I became Mrs. Queer Courageous, and ordered a manny/petty, removal of the unibrow, and waxing of various body parts. She suggested a shaving; without a pause, I succumbed to the suggestion. Motioning me to the dressing room, she helped me change into a body towel the size of a dish rag. Her perfumed body moved in close, and she pressed her tiny breasts against my back. I sensed her bra-less breasts, which peaked my naked nipples. The Asian indicated for me to remove my rings and watch. I hesitated, knowing of my hidden suicide scar. Turning away, I removed the items and put them away.
She led me to a warm footbath and motioned for me to sit. Placing my feet in comforting bubbly water smelling of roses, she cleansed my feet. The cutie applied hot wax mixed with honey on my upper lip and between my eyebrows. “Hurt,” she warned. With two expert yanks, she removed what Darwinian evolution hadn’t weeded out yet. Yes, it hurt.

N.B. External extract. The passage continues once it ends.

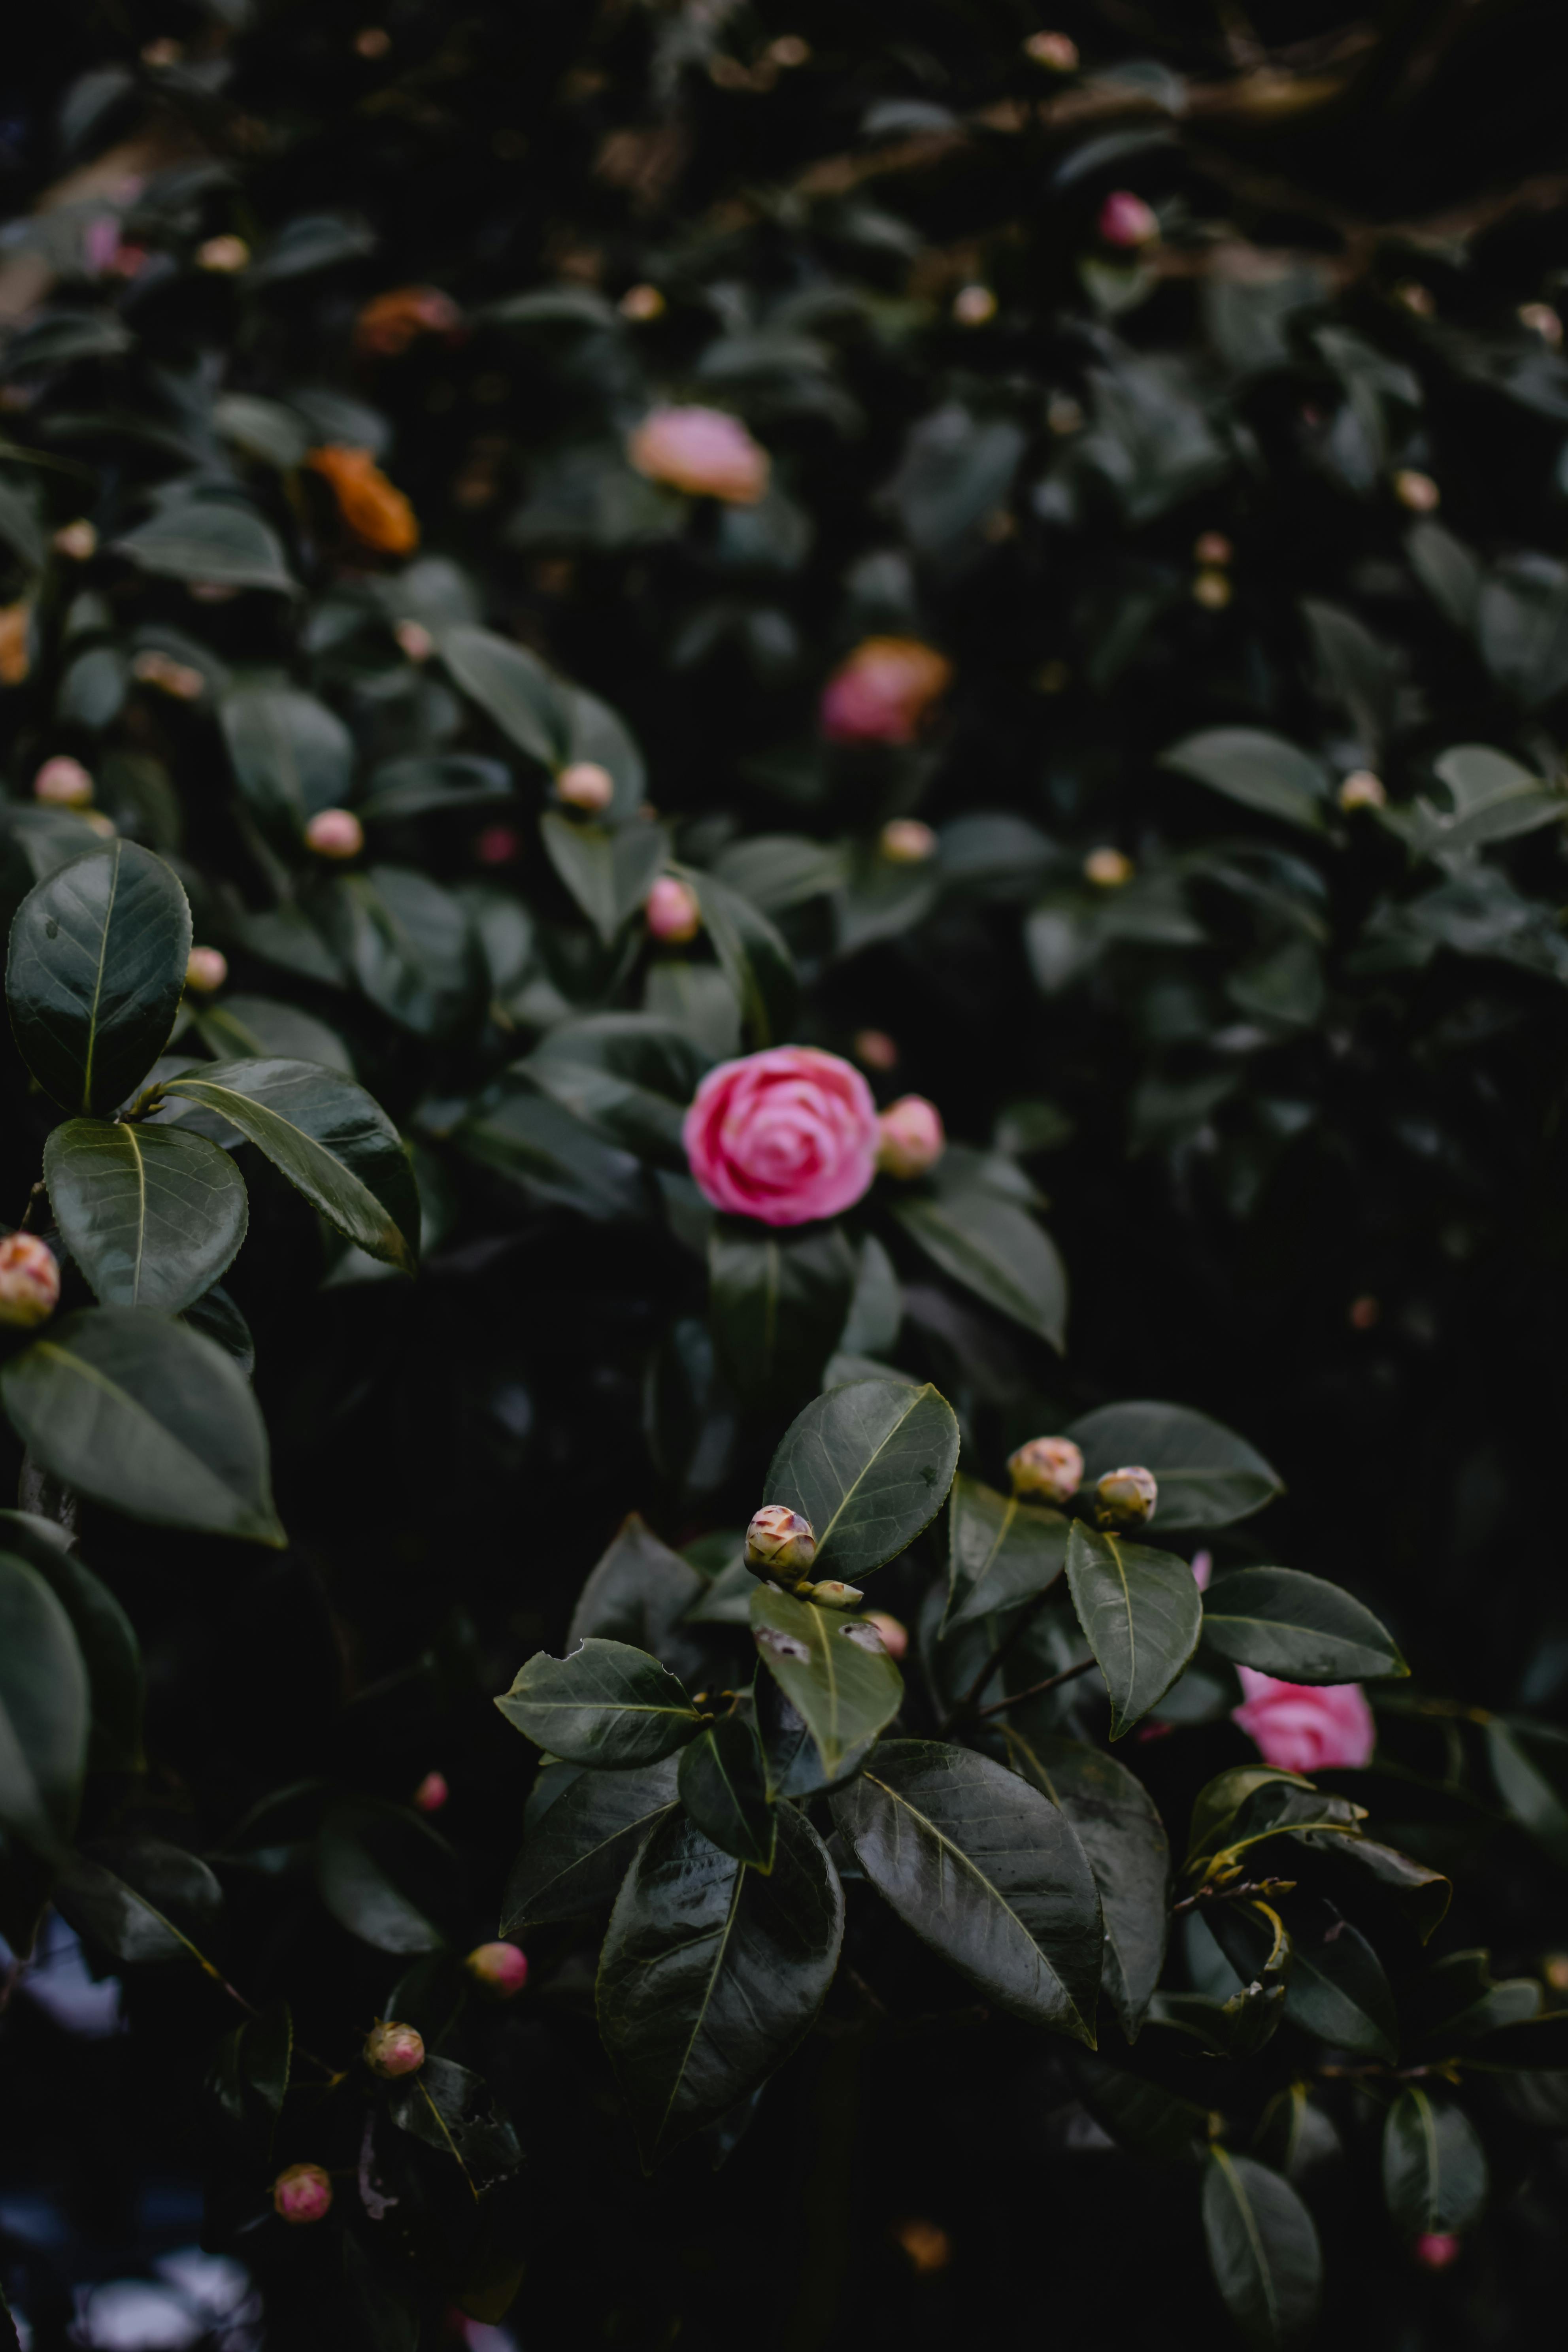 Màu hồng tươi tắn và tràn đầy sức sống của hoa hồng chắc chắn sẽ khiến bạn ngắm nhìn mãi không thôi. Hãy cùng khám phá những bức ảnh tuyệt đẹp về loài hoa này và cảm nhận sức sống và sự tươi mới mỗi ngày.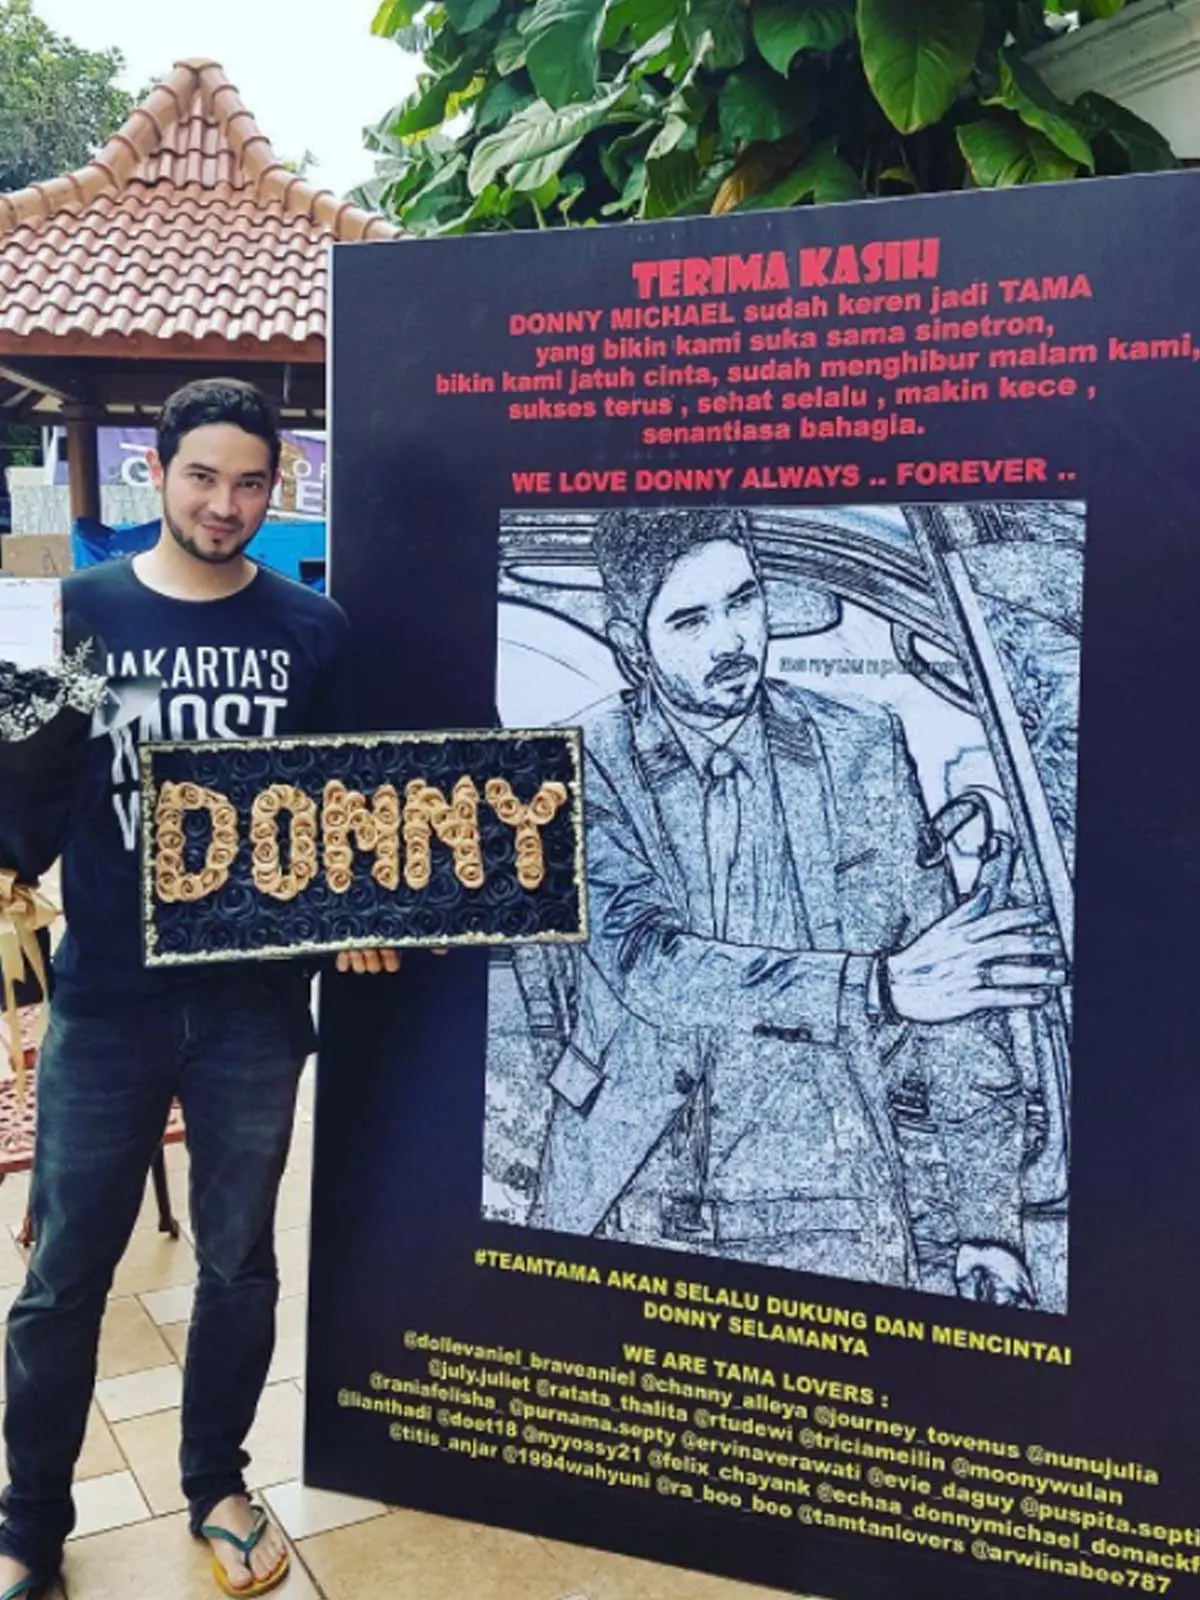 Donny Michael mendapat hadiah dari fans berupa karangan bunga papan besar bergambar karikatur. (Instagram)

While the wax was warm, she warmed my happy trail by liberally applying a thin layer. Without notice she yanked, without notice I yelped. “Sorry,” she said, and then giggled. I smiled and nodded, realizing I liked the small pain.
The Asian spent time removing the calluses from the underside of my feet. She pursed her lips, working on a rough area. I half expected her to plug in a grinder before trimming my nails.
Cutting each nail with precision, she moved like a surgeon. I moaned like a ticklish teen. She noticed and found little niches on my footsies of funsies, purposely fluffing and fluttering. The girl finished my feet and rubbed in cooling cream. Her hands and the cream traveled up my thighs. Pulling my towel back to expose my upper thighs, she continued to apply the lotion while she staring at my reaction. I smiled; I giggled; I chortled. I took her hand and invited her upward.